Une commission de 9% sur chaque don via Solly permet notamment de financer deux associations de logement partenaires, Toit à Moi et Lazare.
La première phase de distribution et d'expérimentation devrait durer deux mois, avant un premier bilan.
"C'est une super initiative. On a toujours nos téléphones sur nous, alors qu'on n'a plus tellement de monnaie", commente Fleur Choppin, étudiante en droit de 21 ans.
"C'est pas mauvais, seulement notre génération à nous, le téléphone, c'est pas non plus notre tasse de thé (..). Ça, c'est bien pour les jeunes", nuance Elianne, 77 ans.
Une initiative similaire, "La Nouvelle Pièce", devait démarrer en 2024 mais a été suspendue après le retrait d'un partenaire. Ses créateurs espèrent désormais un lancement en 2026, a déclaré à l'AFP le cofondateur de cet autre projet François Jacob.
Le sociologue Julien Damon doute que ces diverses expérimentations aient un fort impact. Même dans d'autres pays développés où la "cashless society" (société sans argent liquide) est plus avancée qu'en France, comme la Suède, les paiements numériques à des inconnus sont rares pour l'heure, note-t-il.

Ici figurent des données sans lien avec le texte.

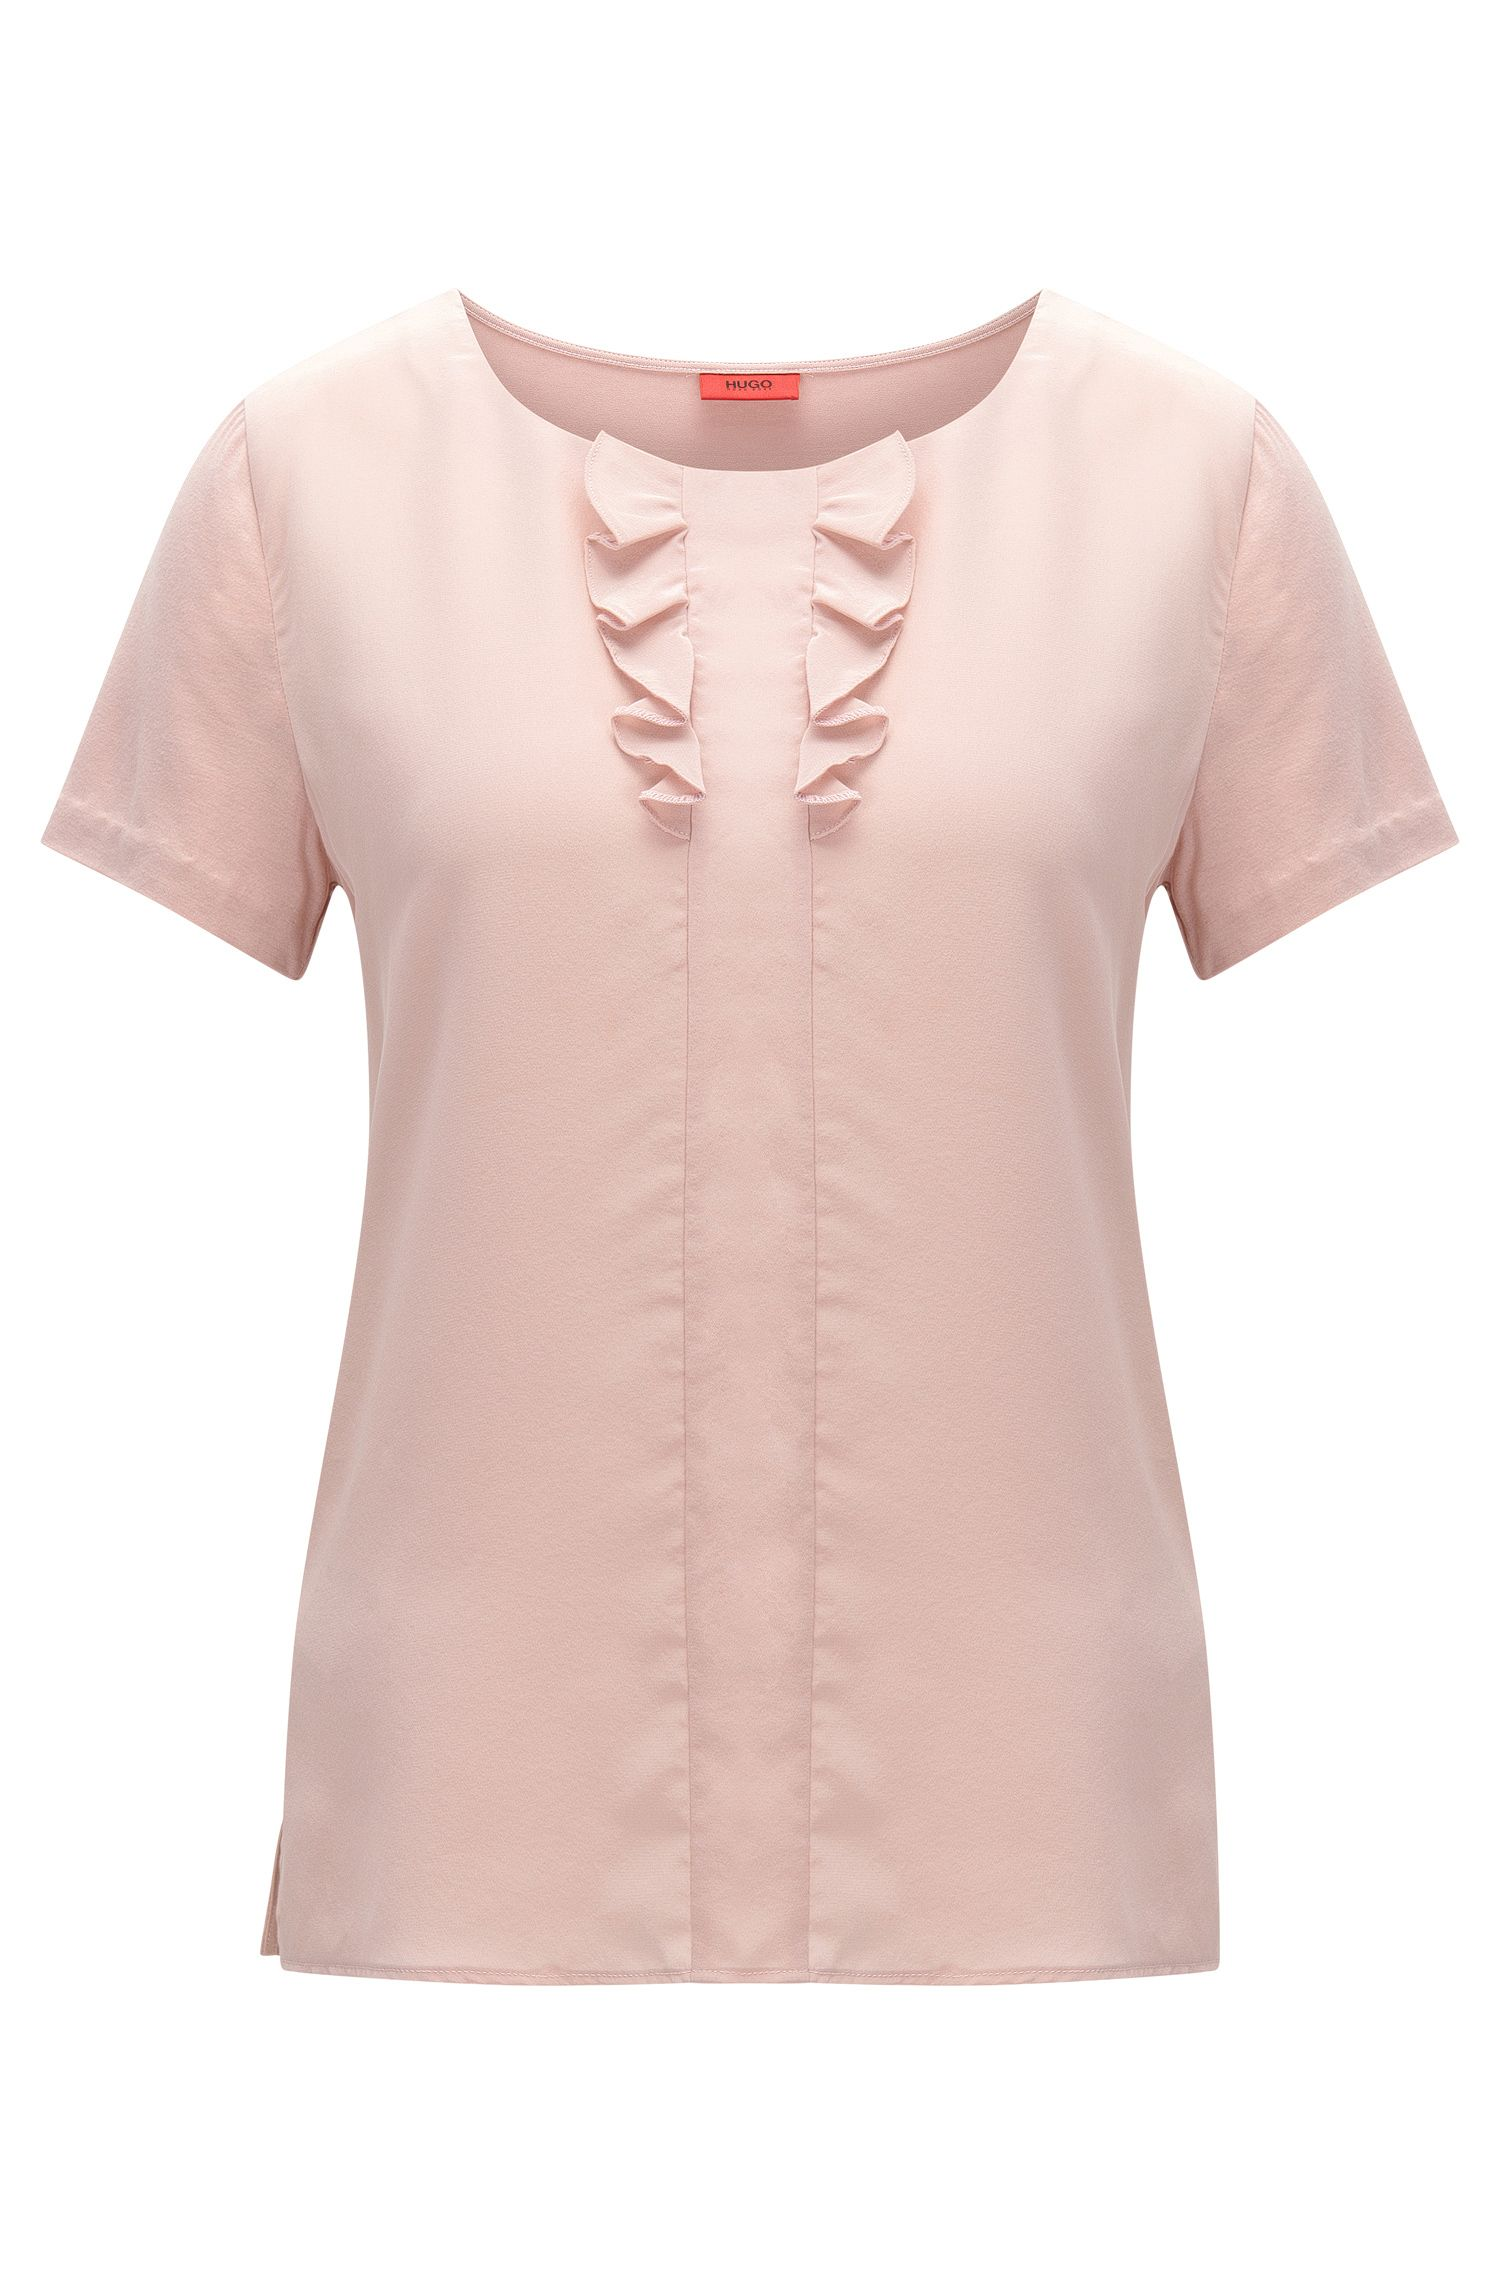 T-shirt relaxed fit con dettaglio in seta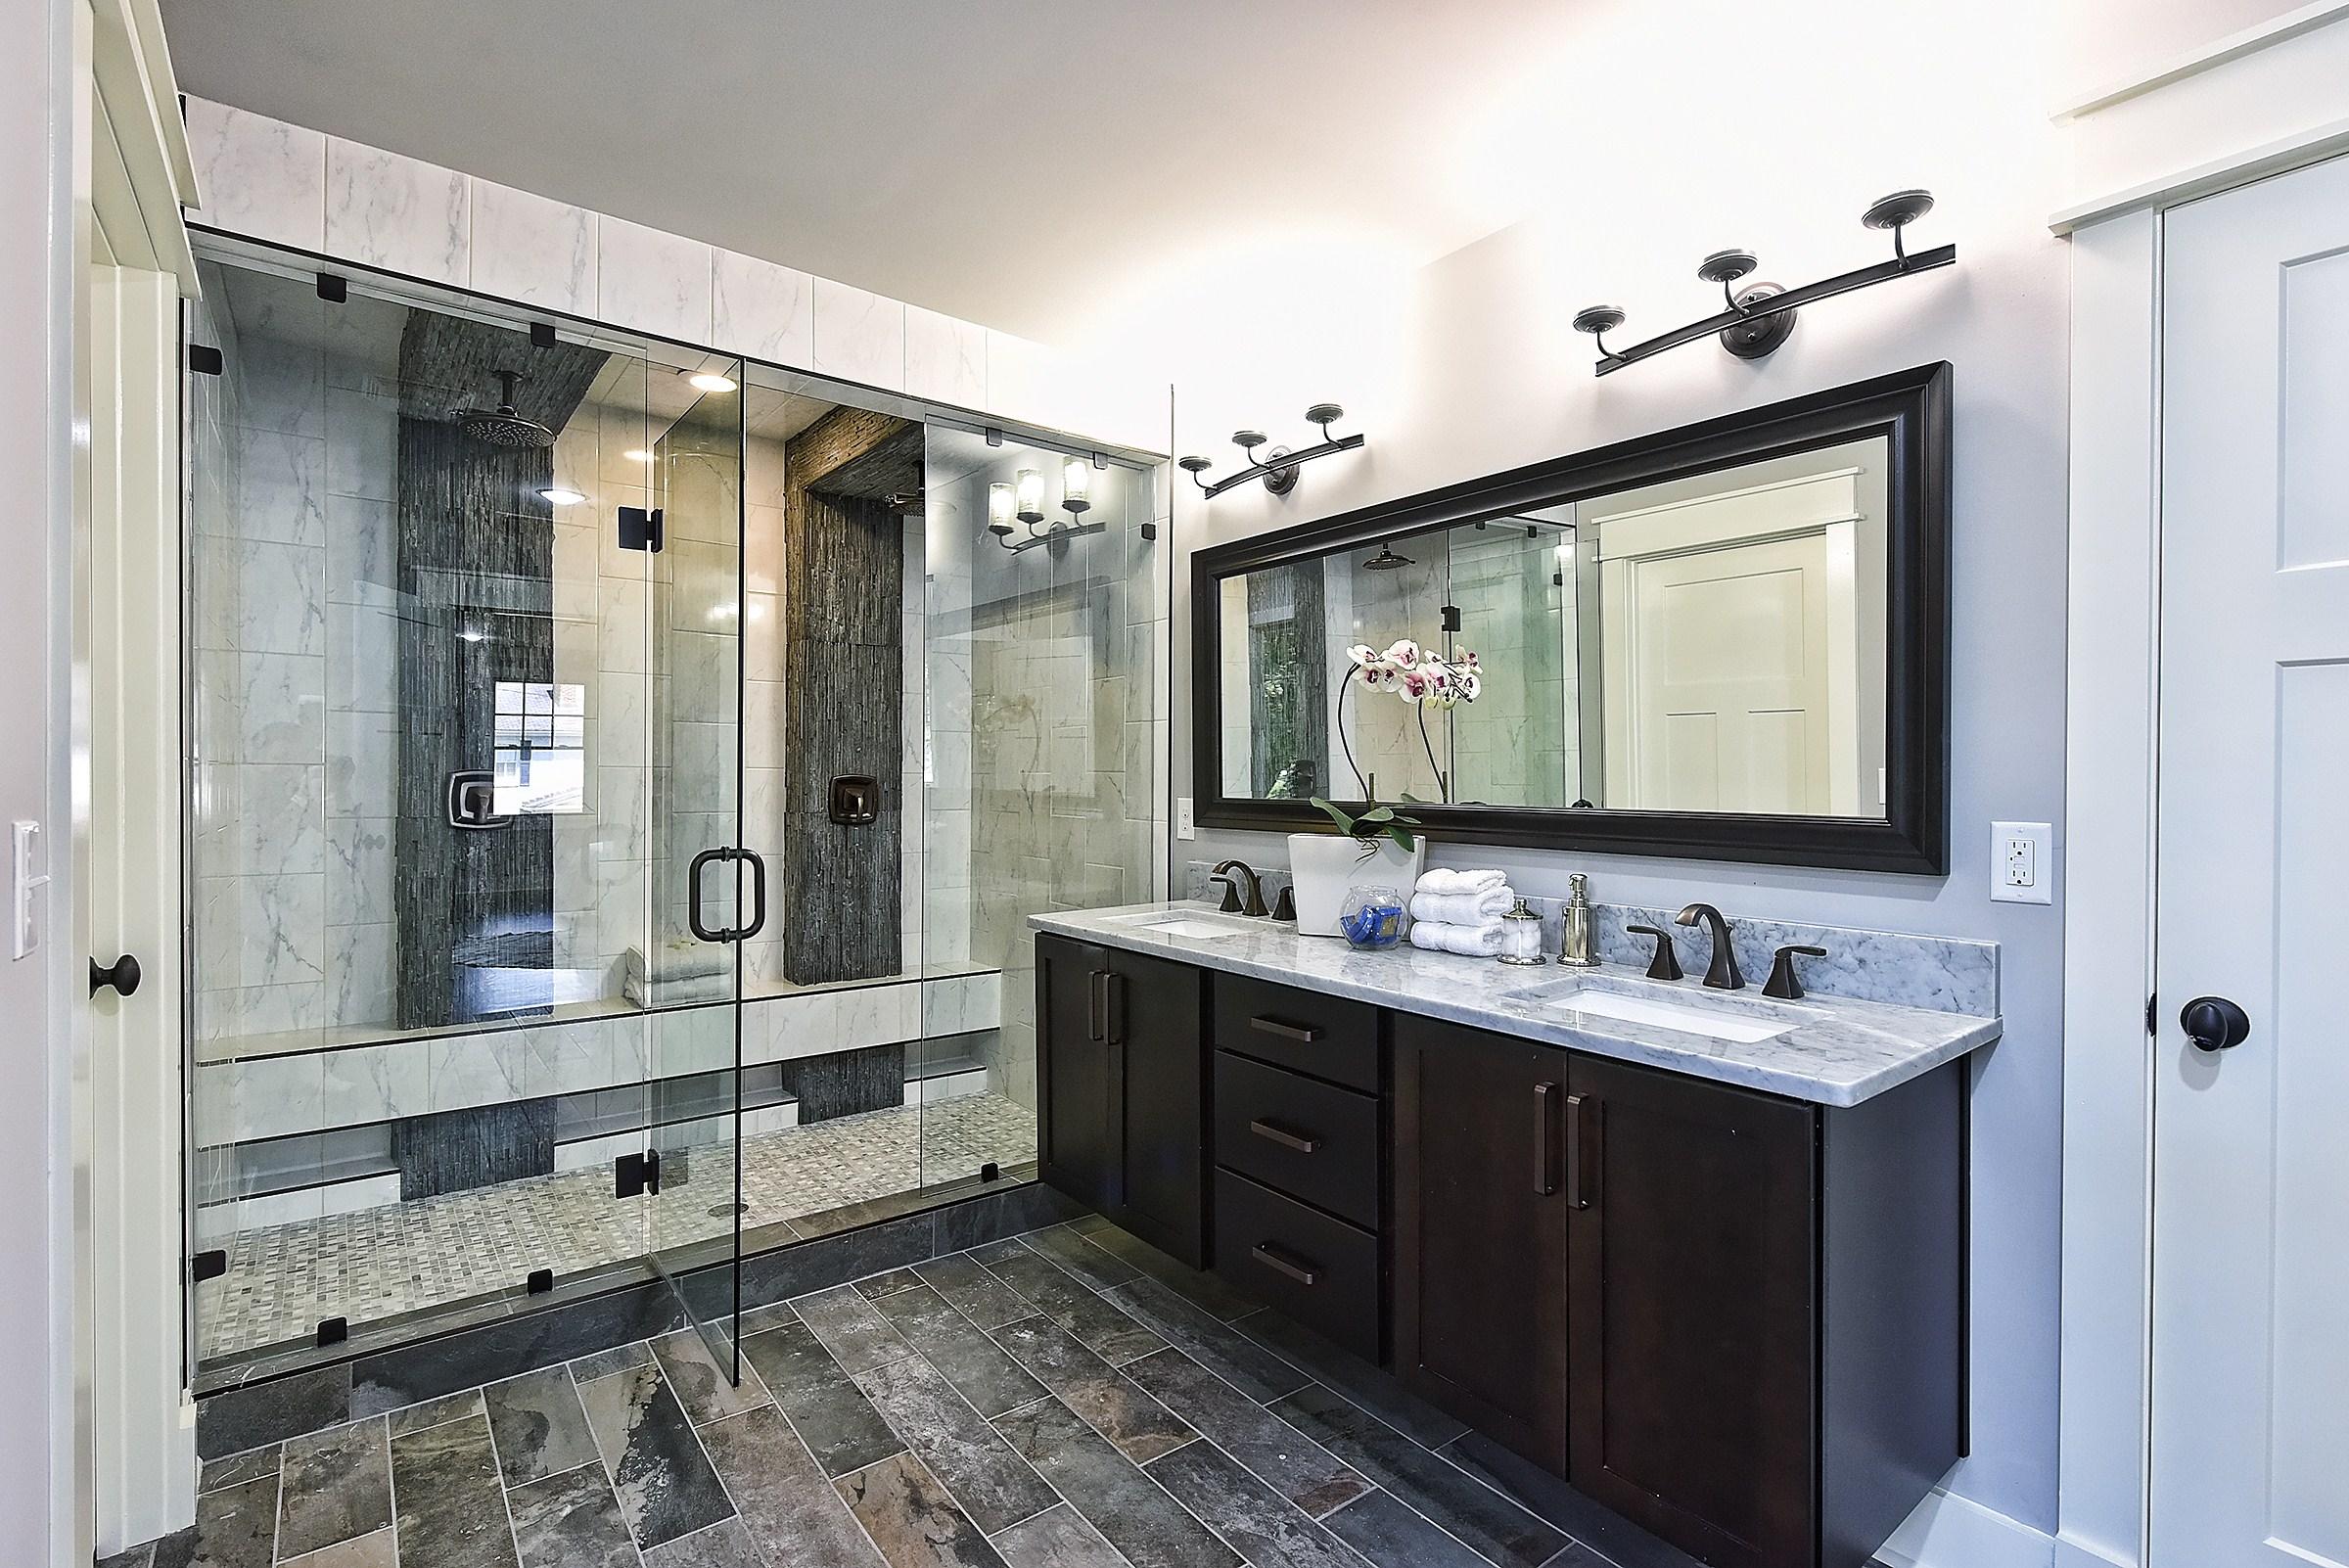 034_Master Bathroom.jpg

"Une partie des gens qui donnent peuvent être assez insécurisés" par le fait d'effectuer une transaction mobile avec "quelqu'un qu'ils ne connaissent pas", estime M. Damon.
Un homme dort dans un sac de couchage à proximité d'une terrasse de café le 15 octobre 2025 à Paris
JOEL SAGET - AFP/Archives
"Mon constat, c'est que la dématérialisation est évidemment extrêmement problématique pour les gens qui font la manche, et que toutes les solutions spécifiques jusqu'à aujourd'hui n'ont pas fonctionné", résume-t-il.
Il est difficile de connaître précisément le nombre de personnes sans domicile fixe en France: elles seraient environ 350.000, dont 20.000 à la rue, selon la Fondation pour le Logement (ex-Fondation Abbé Pierre).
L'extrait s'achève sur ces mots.